A New Wavelet Method for Solving a Class of Nonlinear Volterra-Fredholm Integral Equations

School of Engineering, Huazhong Agricultural University, Wuhan, Hubei 430070, China

Received 1 March 2014; Accepted 4 August 2014; Published 28 August 2014

Academic Editor: Changbum Chun

Copyright © 2014 Xiaomin Wang. This is an open access article distributed under the Creative Commons Attribution License, which permits unrestricted use, distribution, and reproduction in any medium, provided the original work is properly cited.

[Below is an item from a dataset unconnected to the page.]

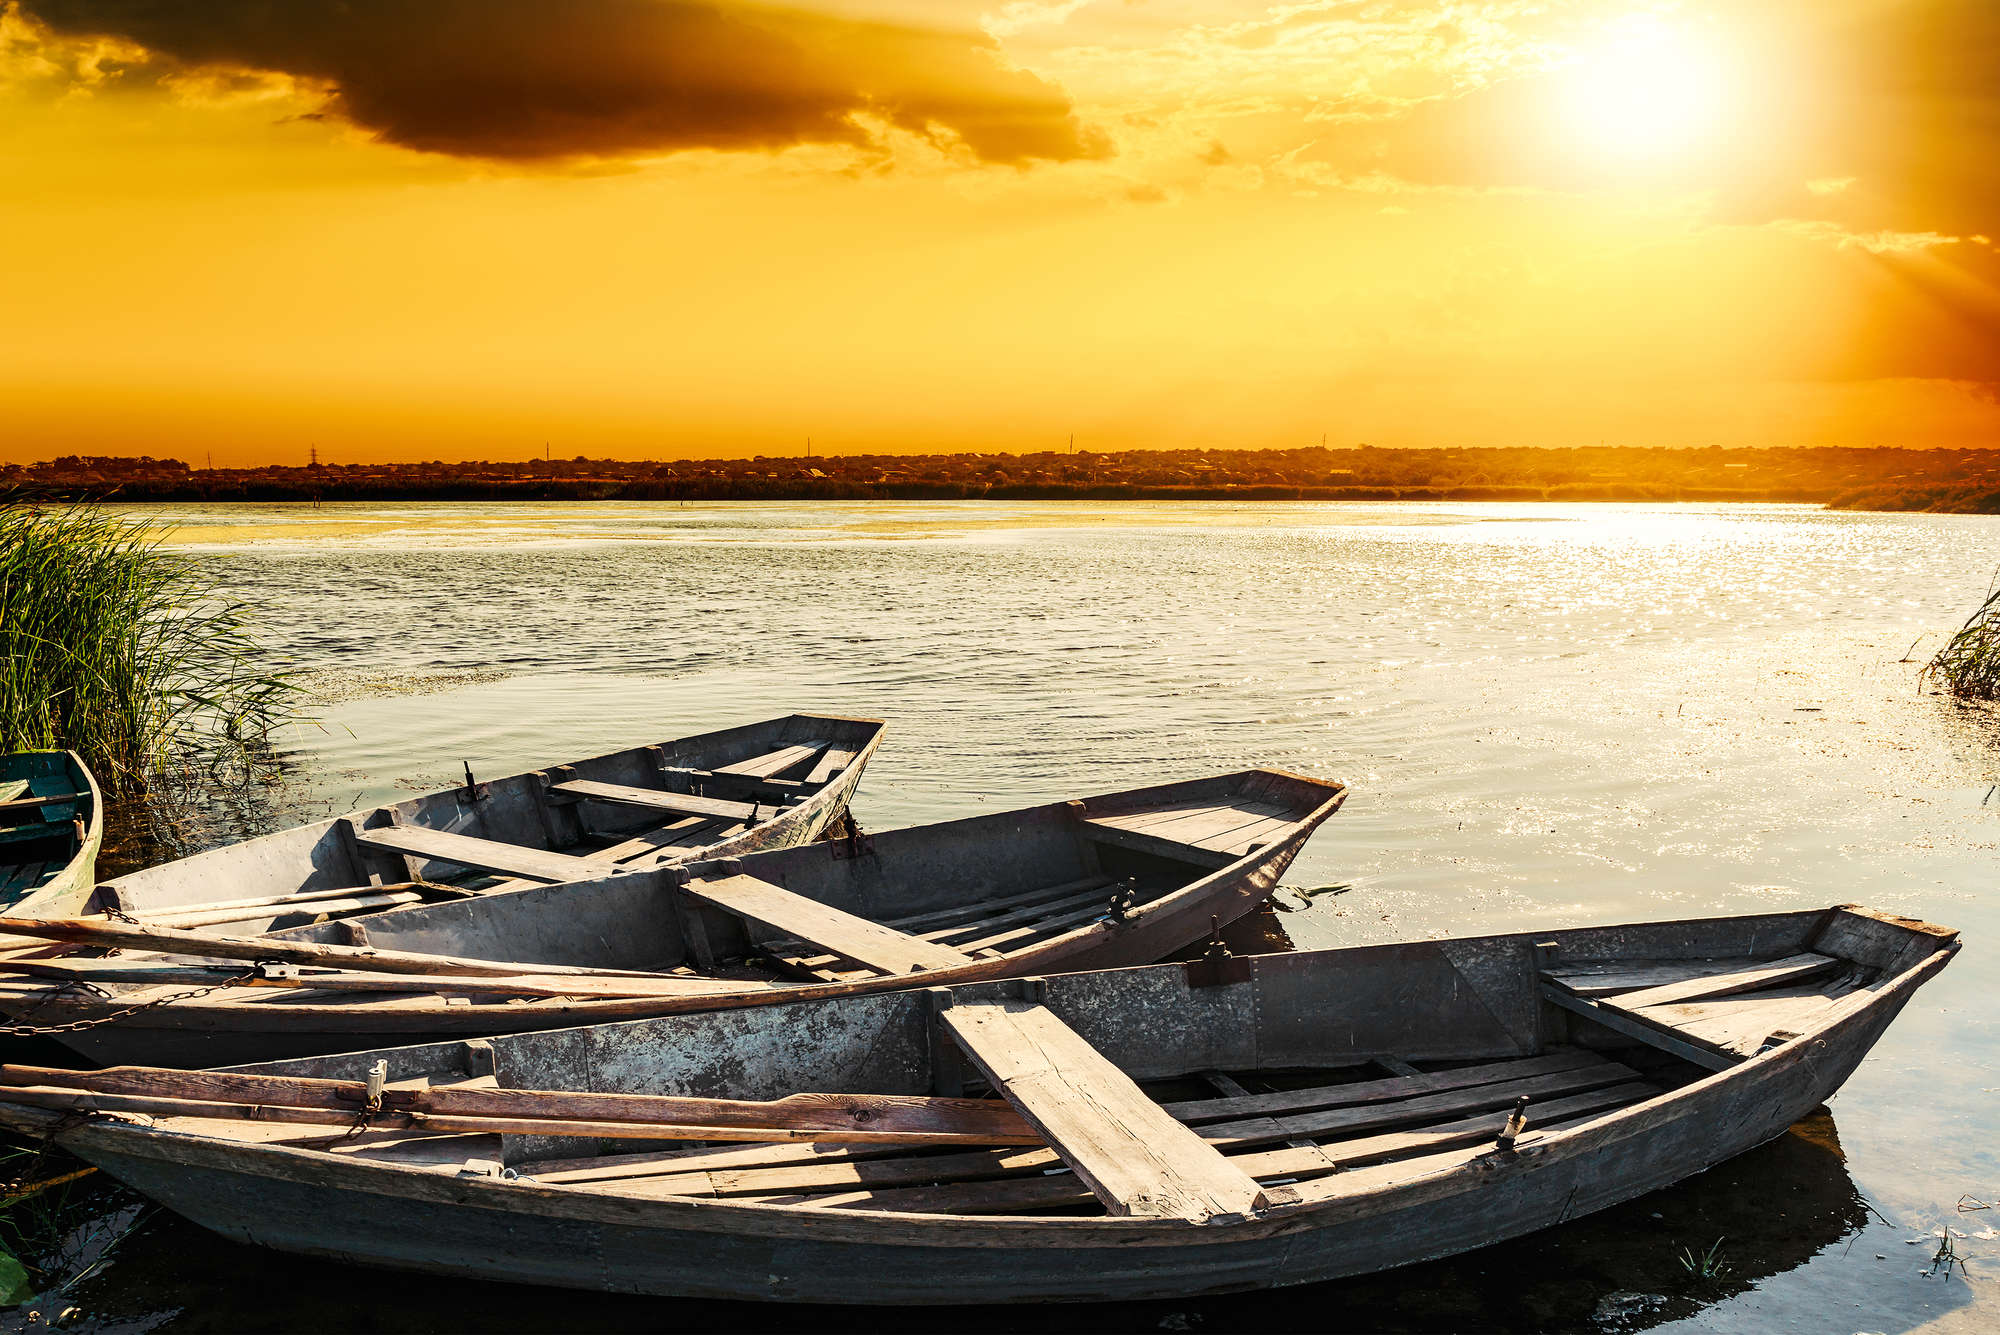             Natur Fototapete Holzboote am See auf Perlmutt Glattvlies

A new approach, Coiflet-type wavelet Galerkin method, is proposed for numerically solving the Volterra-Fredholm integral equations. Based on the Coiflet-type wavelet approximation scheme, arbitrary nonlinear term of the unknown function in an equation can be explicitly expressed. By incorporating such a modified wavelet approximation scheme into the conventional Galerkin method, the nonsingular property of the connection coefficients significantly reduces the computational complexity and achieves high precision in a very simple way. Thus, one can obtain a stable, highly accurate, and efficient numerical method without calculating the connection coefficients in traditional Galerkin method for solving the nonlinear algebraic equations. At last, numerical simulations are performed to show the efficiency of the method proposed.